(Exercise goal): Print the whole listing again exactly, keeping no pictures in it.

(Exercise data):
- Opening Delimiter -

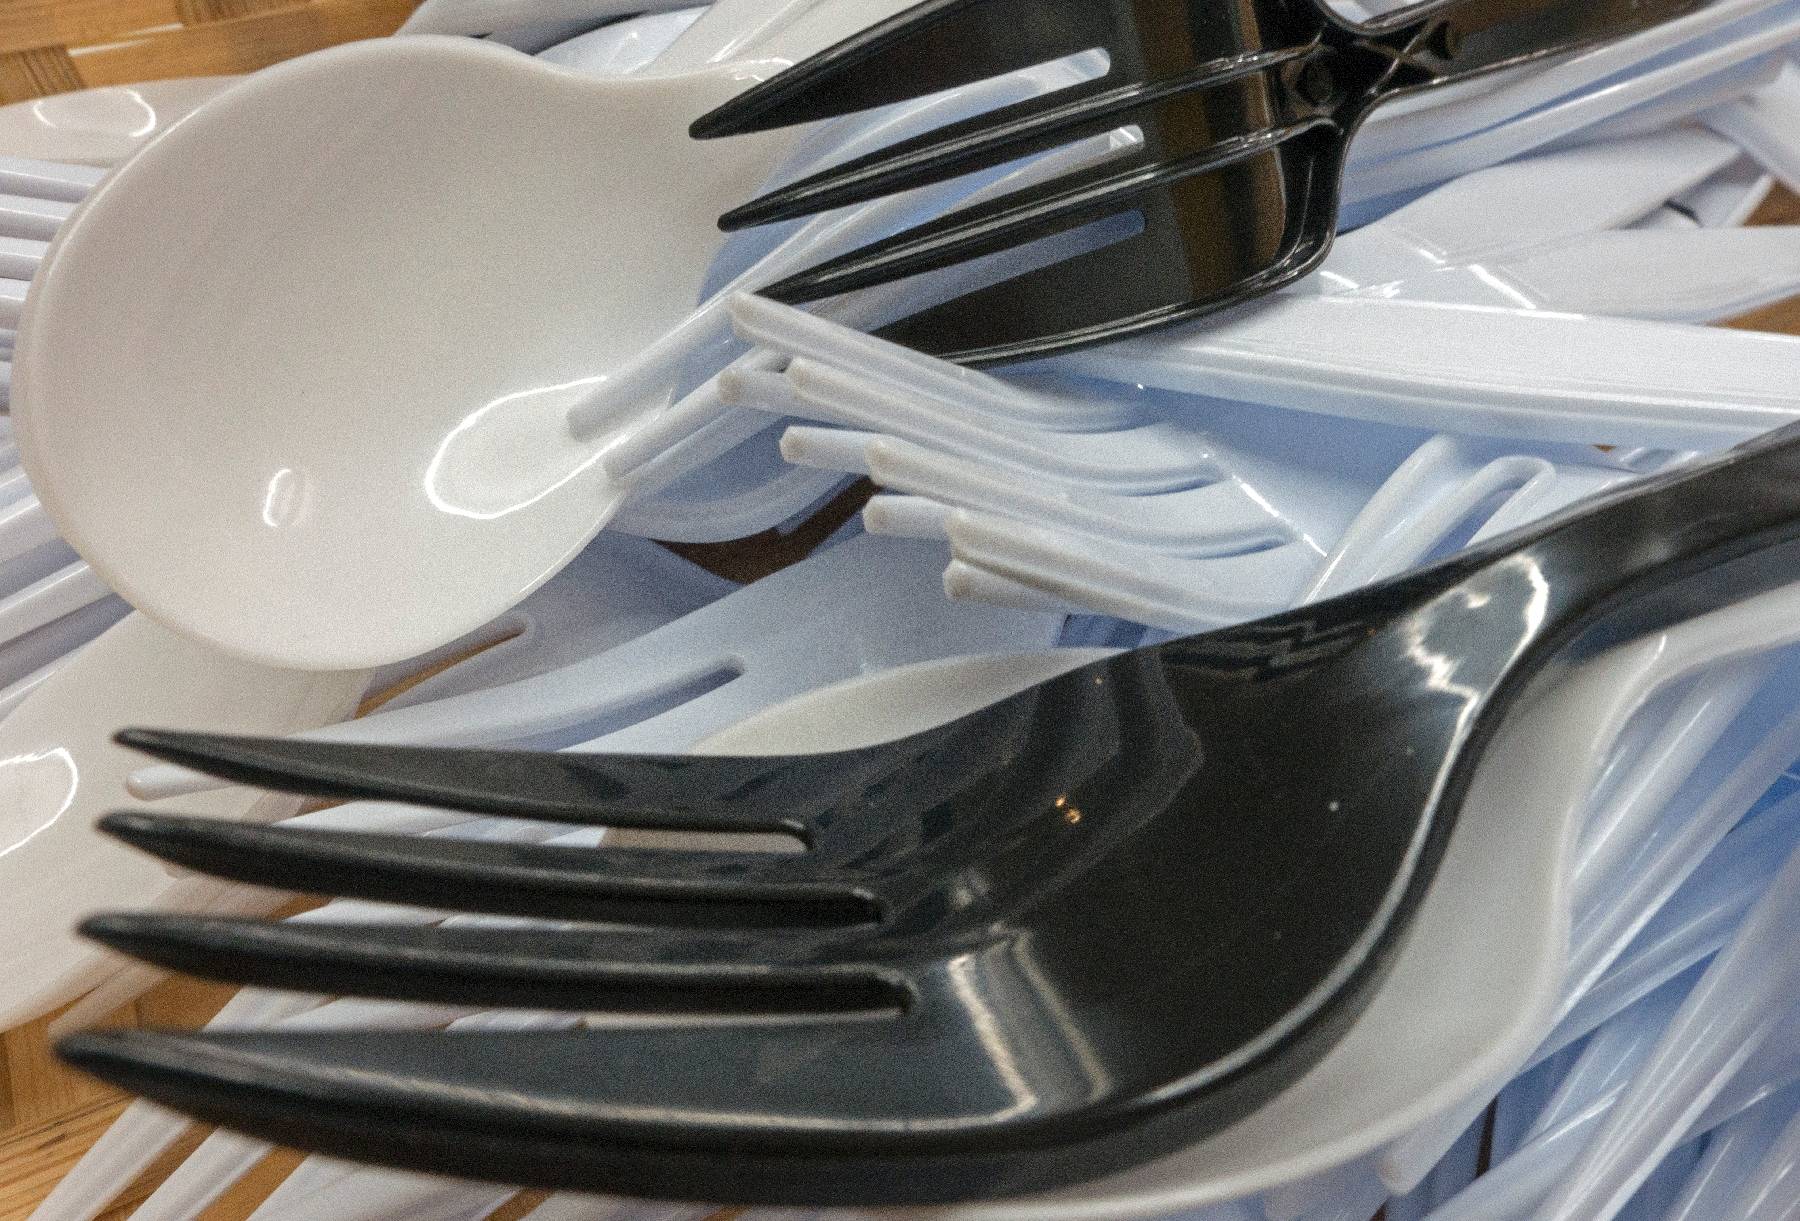 Vaisselle réutilisable: le gouvernement menace les mauvais élèves de la restauration rapide
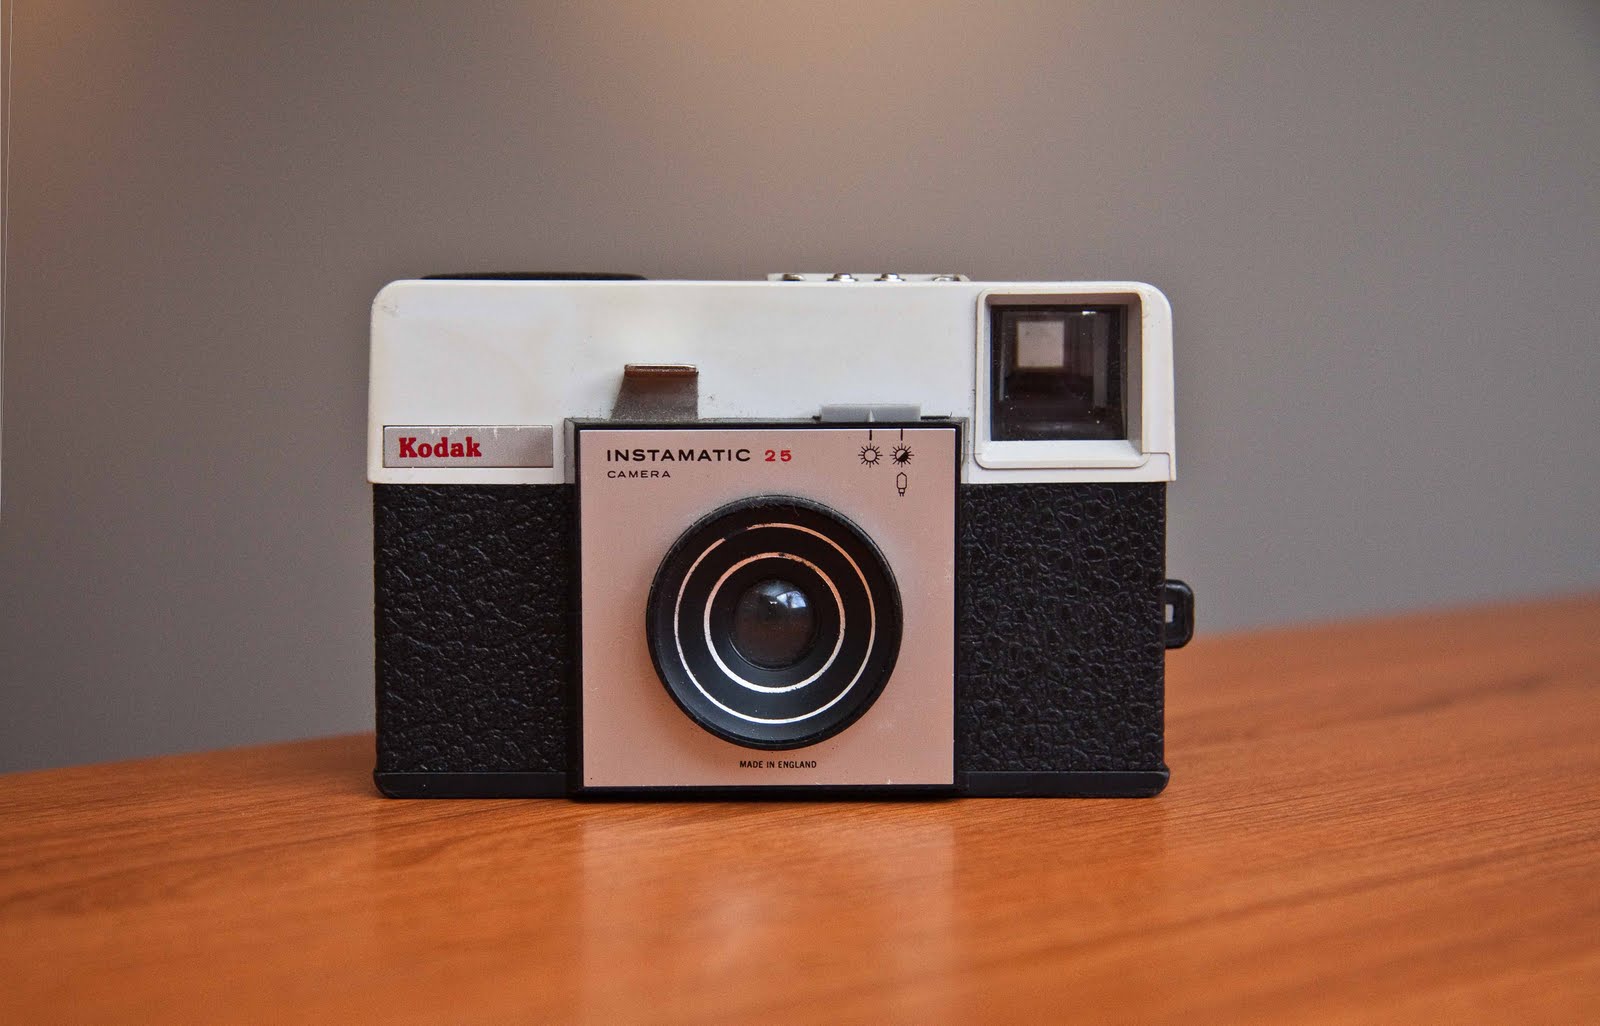 Old Kodak Cameras
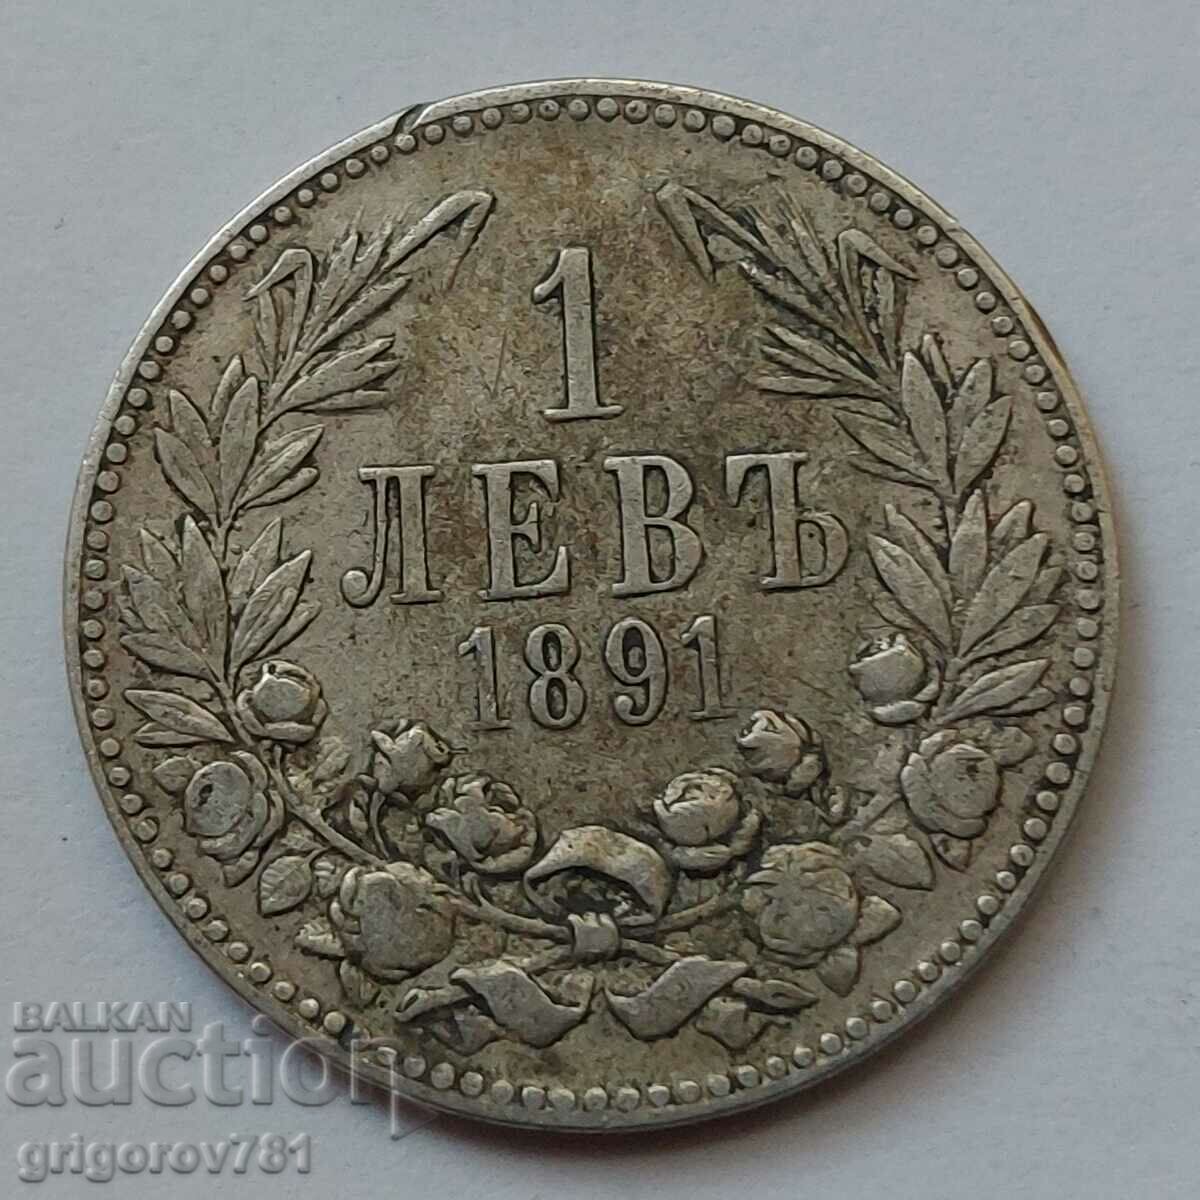 Ασήμι 1 λεβ 1891 - ασημένιο νόμισμα #2
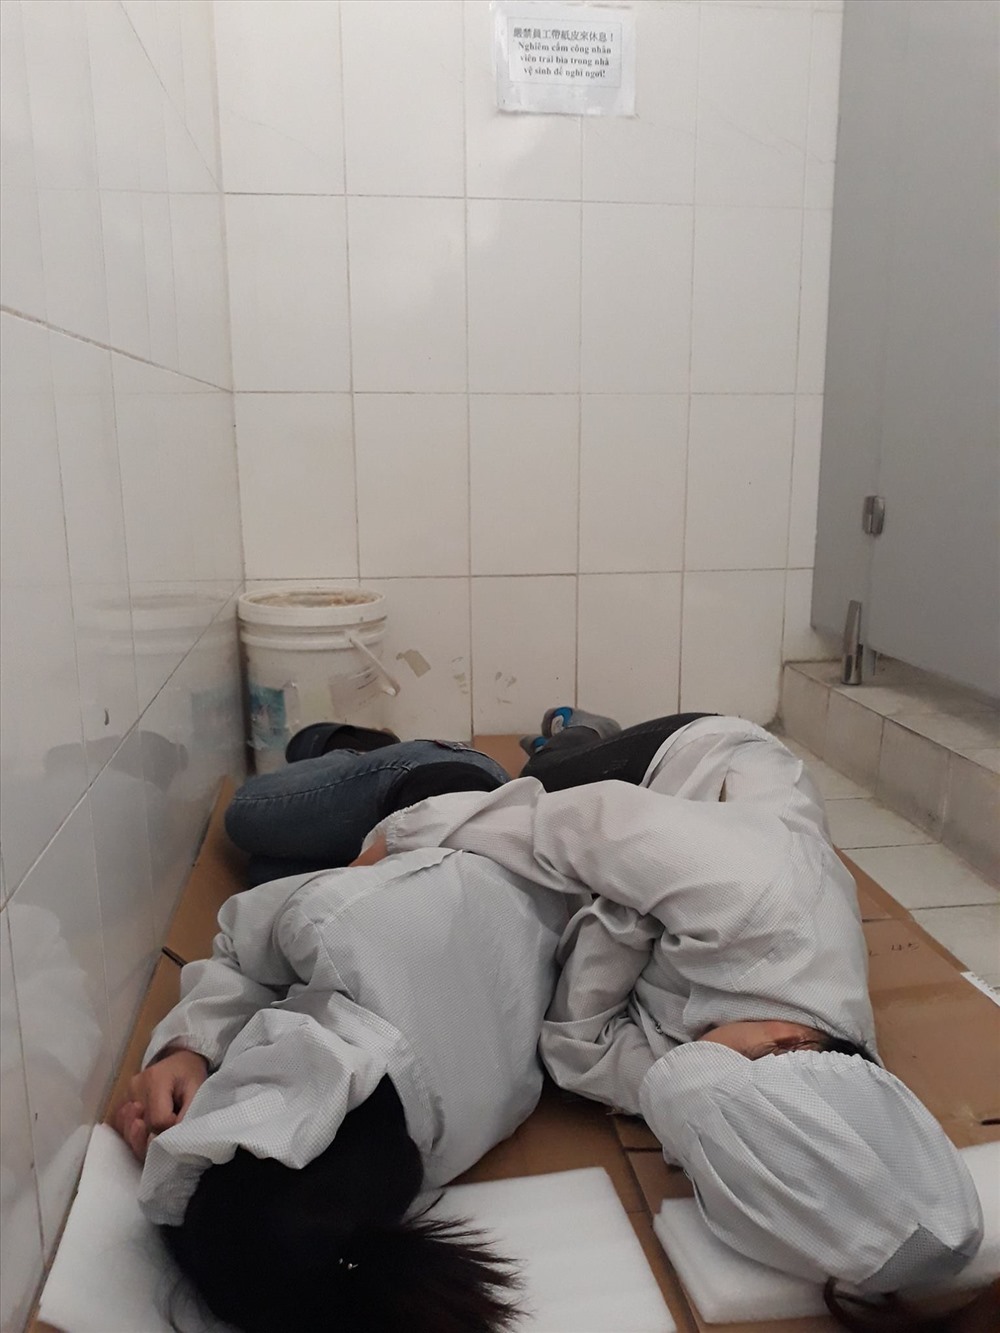 Công nhân tranh ngủ ngả lưng buổi trưa trong nhà vệ sinh Cty. Ảnh đoạt giải nhất cuộc thi.

- Closing Delimiter -

(Answer box):
 Vaisselle réutilisable: le gouvernement menace les mauvais élèves de la restauration rapide
 Old Kodak Cameras
 Ασήμι 1 λεβ 1891 - ασημένιο νόμισμα #2
 Công nhân tranh ngủ ngả lưng buổi trưa trong nhà vệ sinh Cty. Ảnh đoạt giải nhất cuộc thi.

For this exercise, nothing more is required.